Still, I question the use of SAME partitioning prior to the second join...WHY?? The framework could still be inserting a hash partition on column B at runtime to meet the requirement of the join key, when the correct partitioning should really be reflected in the job design instead.
Regards,

Thanks for the reply.

Do you mean, i need to use the HASH partition explicitly rather than SAME in the JOIN2 ?

When the chek the DUMP_SCORE, it is internally placing the HASH.

What is the difference between using SAME Vs explicitly choosing the partition?

jwiles · Posted: Mon Sep 03, 2012 1:08 pm

Read this documentation about Same partitioning. You should then understand what Same partitioning does and how it differs from other partitioning.

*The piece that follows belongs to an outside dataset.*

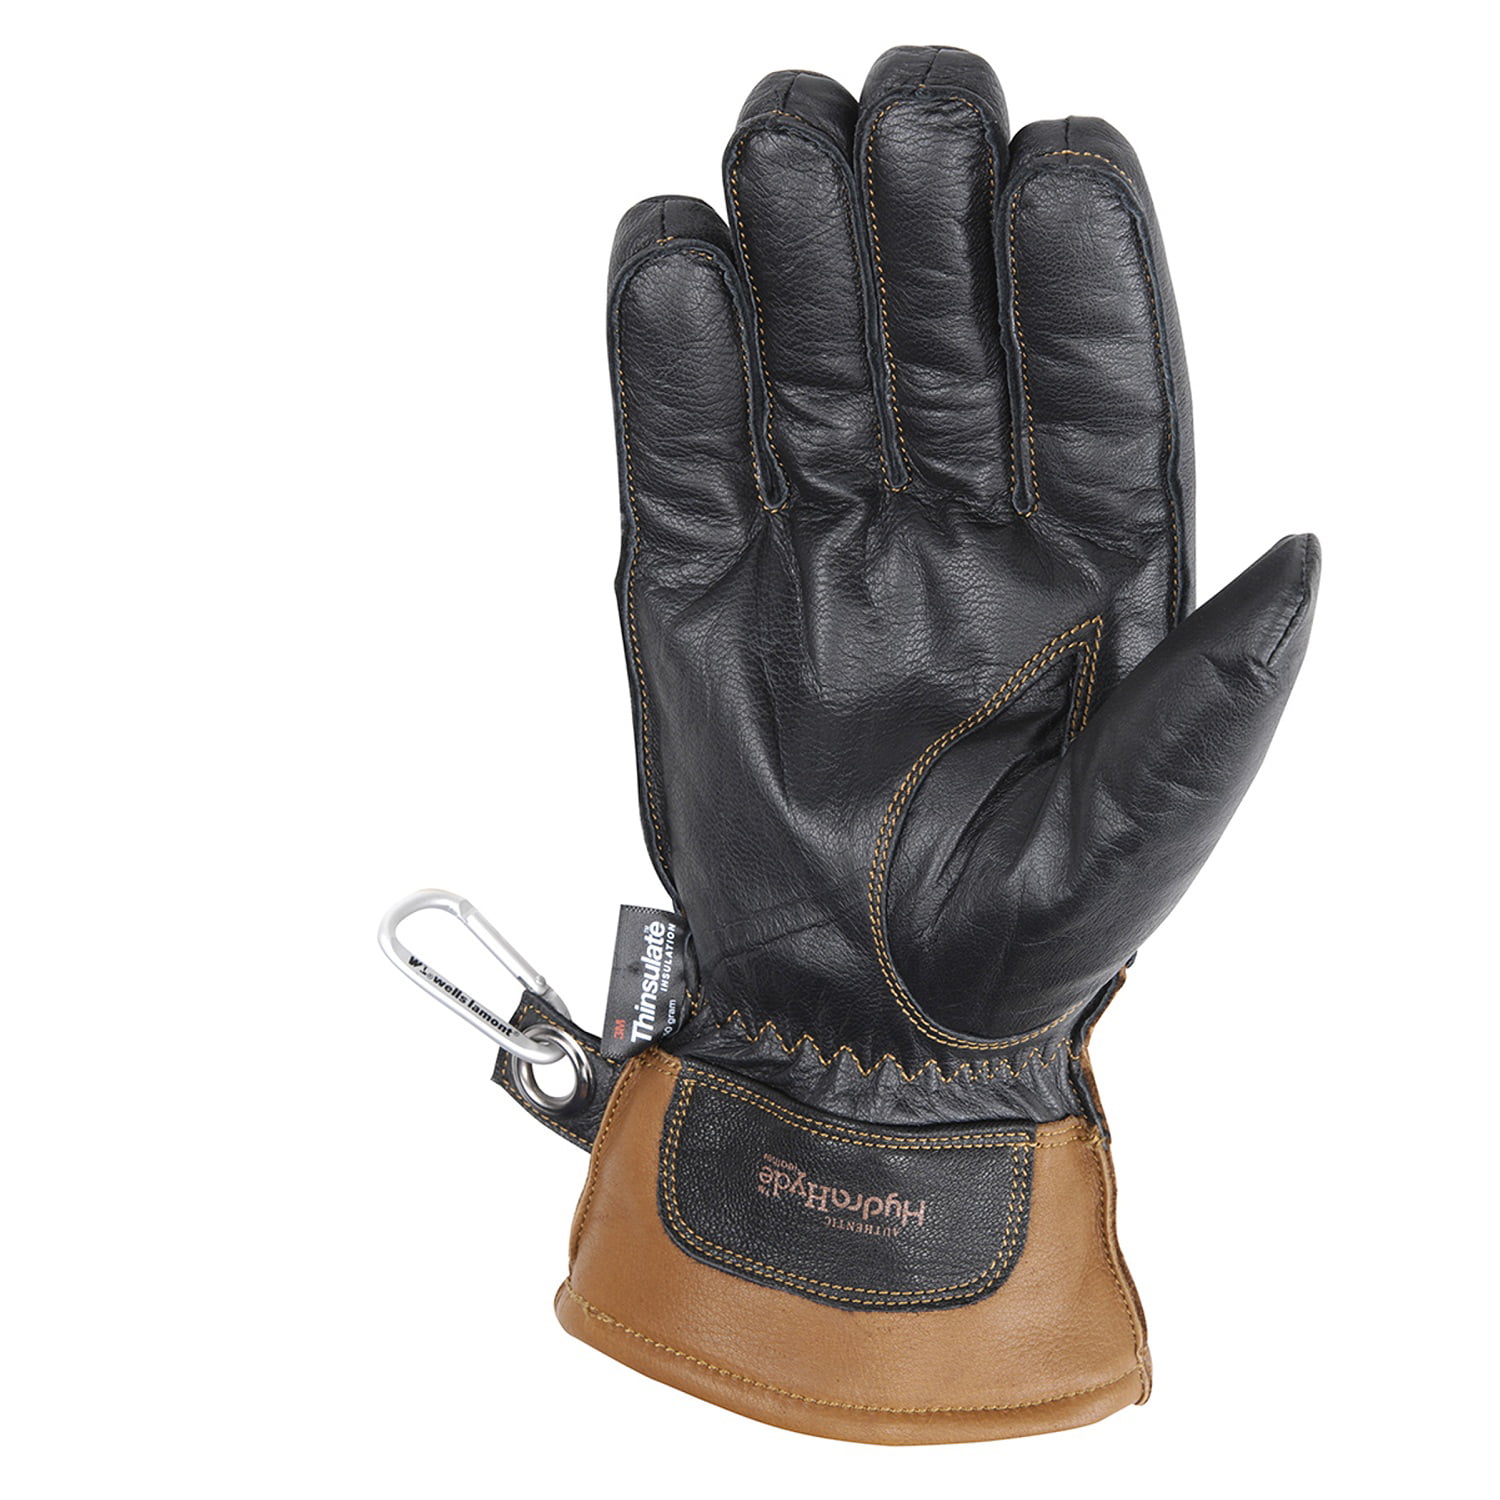 HeatKeep Thermal Lining Large Kinco 901-L Men's Pigskin Leather Ski Glove 
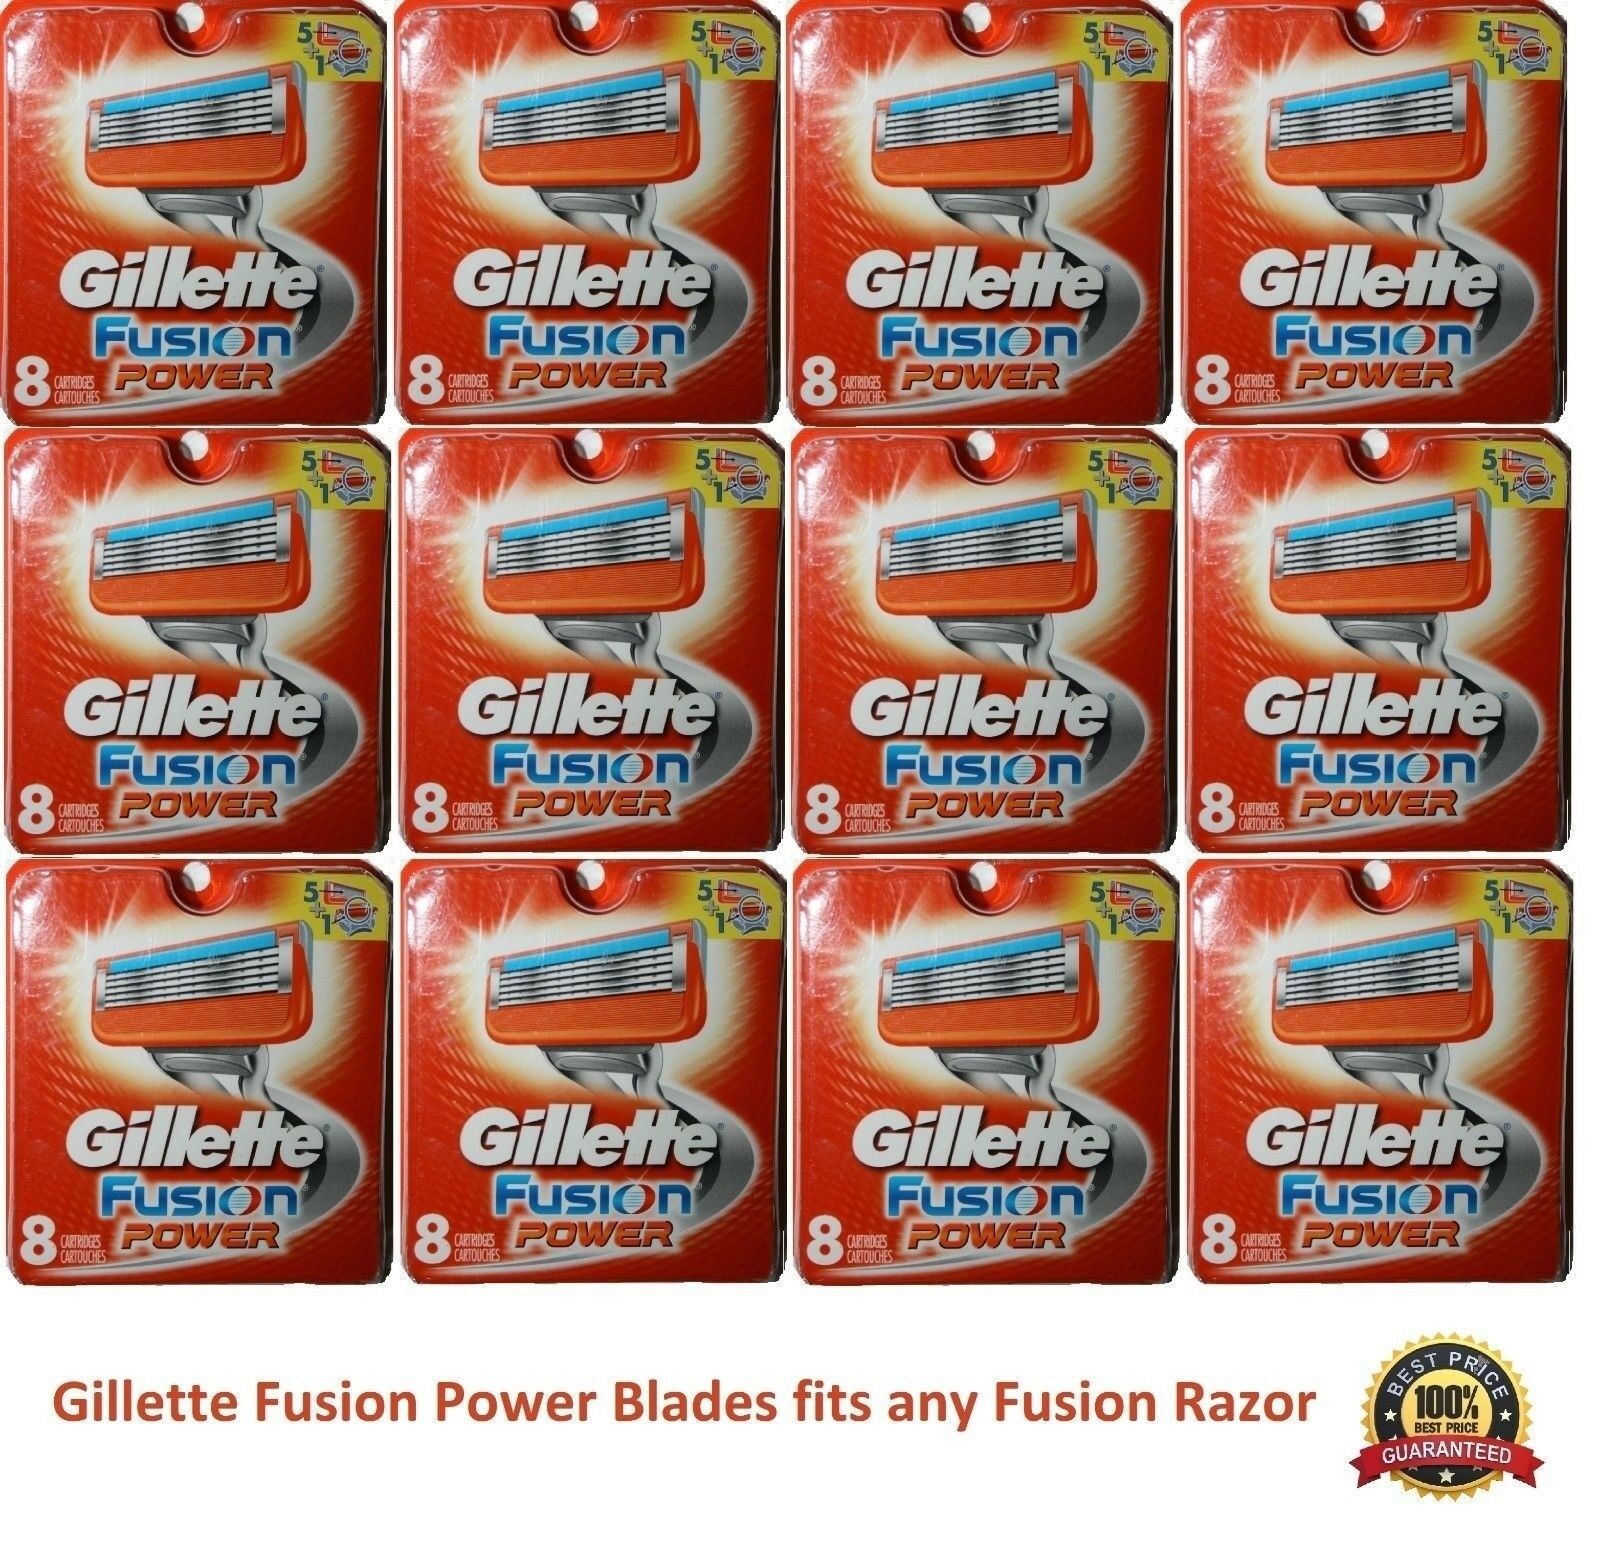 Gillette Fusion 5 Power Razor Blades Refills Cartridges Shaver 100% Authentic Us

Had partition insertion been disabled in your job or project, your second join would not have produced the results you required because your data would not have been partitioned correctly for that join operation.

Regards,

SURA · Posted: Wed Sep 05, 2012 8:03 pm

Sorry for the late reply.

Quote:

In theory YES I know how this will work, but I may confused &/ may not good enough understood the concept might be the reason!

In my view, first I made the Join1 as HASH partition and SORT the data for the SPECIFIC KEY for that JOIN1.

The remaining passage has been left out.